Task objective: For this exercise, return only the lines in the records below from the one holding "Architecture of Peniscola" through the one holding "Red pepper pod", including both, exactly as they appear and without pictures.

Exercise data:
● ● ● ● ● ● ●

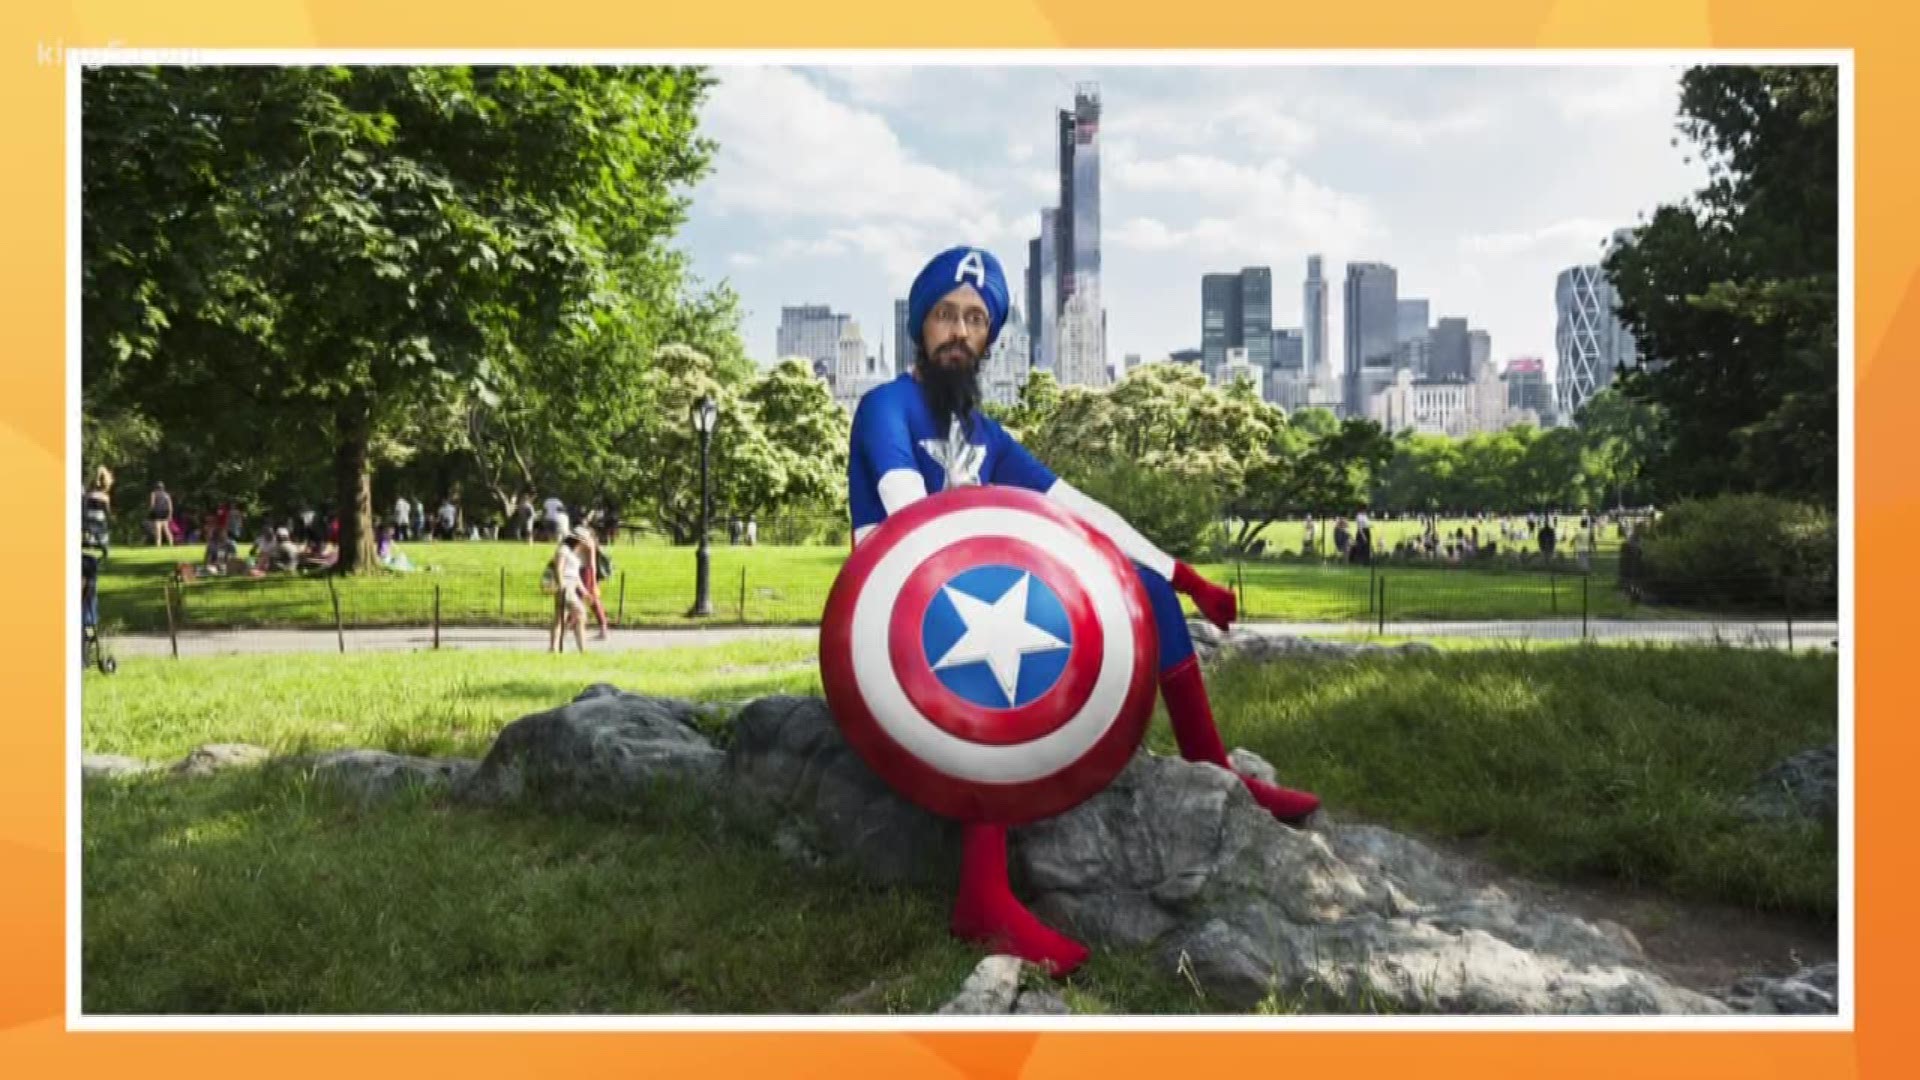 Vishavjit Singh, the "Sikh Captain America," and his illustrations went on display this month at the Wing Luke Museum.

● ● ● ● ● ● ●

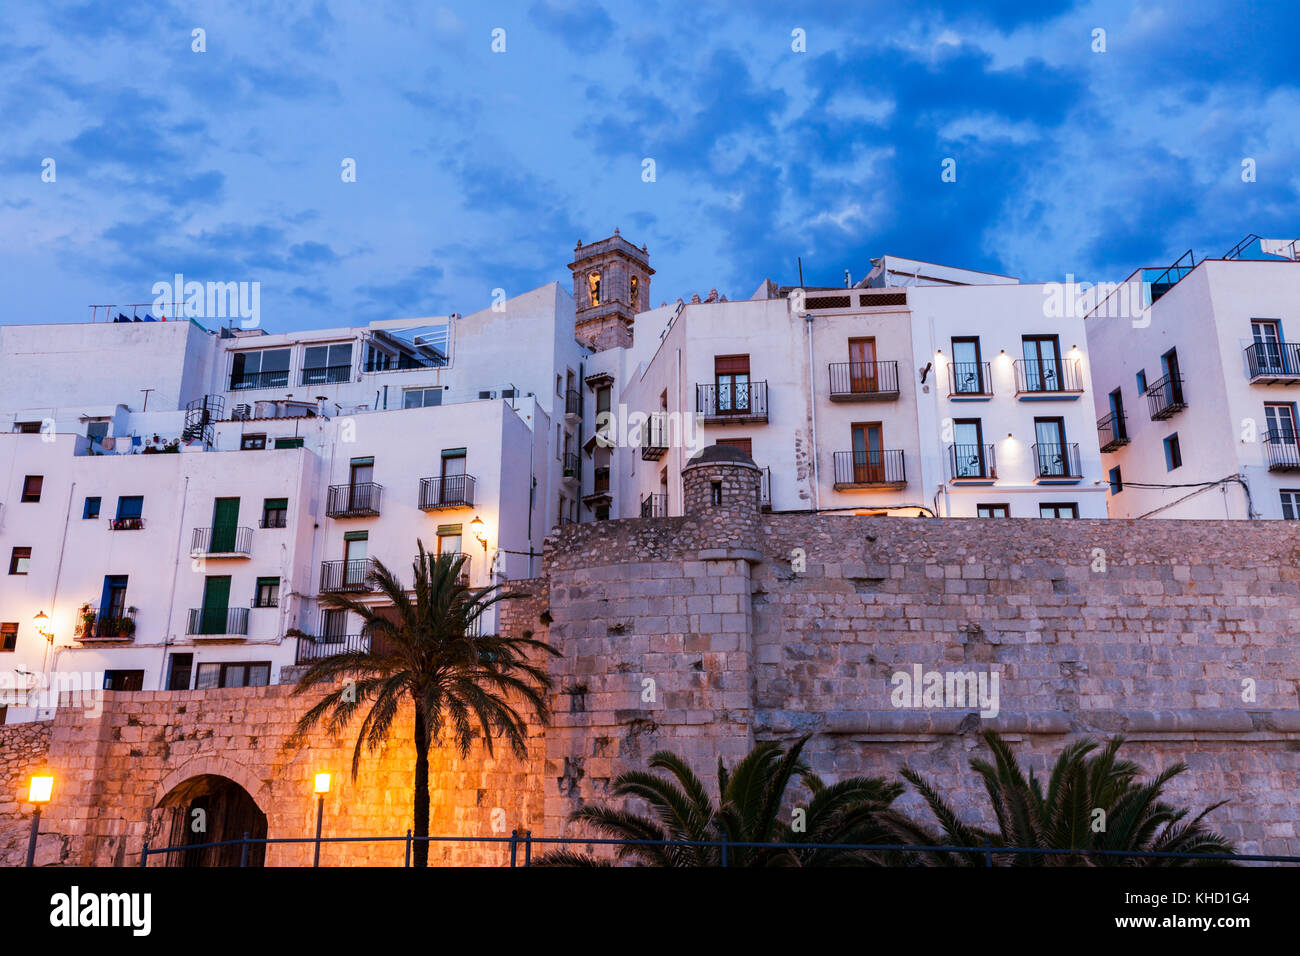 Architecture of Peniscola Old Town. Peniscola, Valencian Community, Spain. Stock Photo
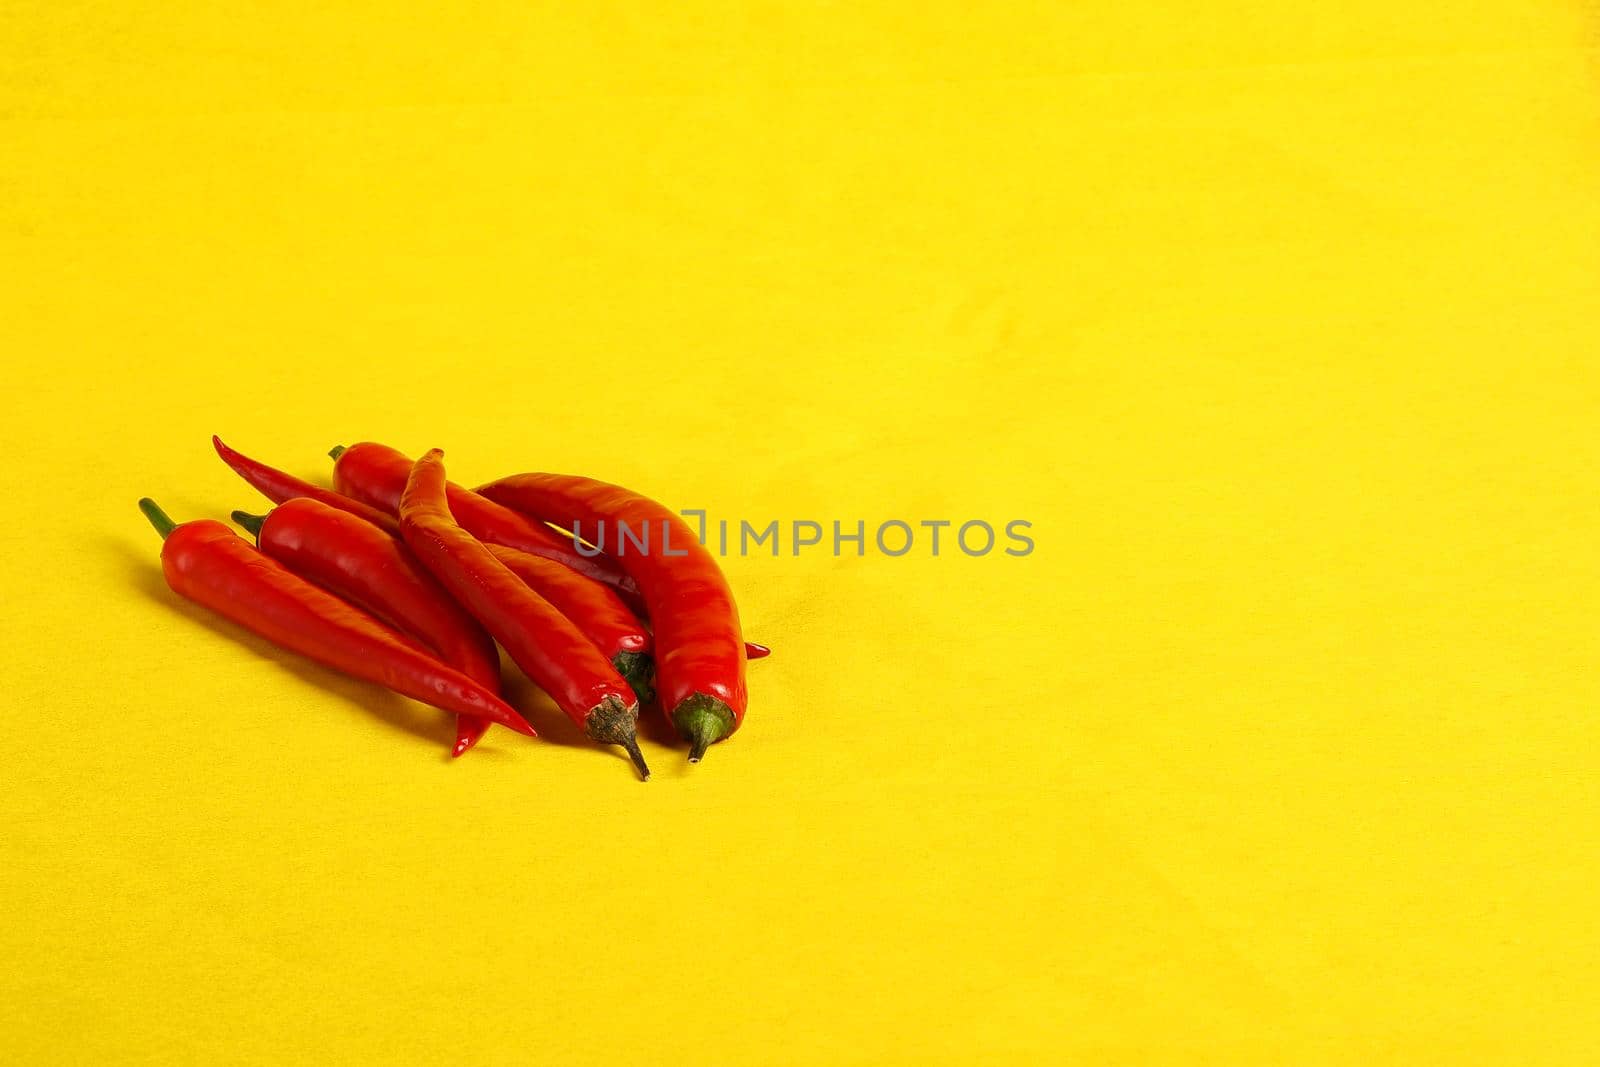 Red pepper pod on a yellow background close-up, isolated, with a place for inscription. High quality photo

● ● ● ● ● ● ●

Written response:
 Architecture of Peniscola Old Town. Peniscola, Valencian Community, Spain. Stock Photo
 Red pepper pod on a yellow background close-up, isolated, with a place for inscription. High quality photo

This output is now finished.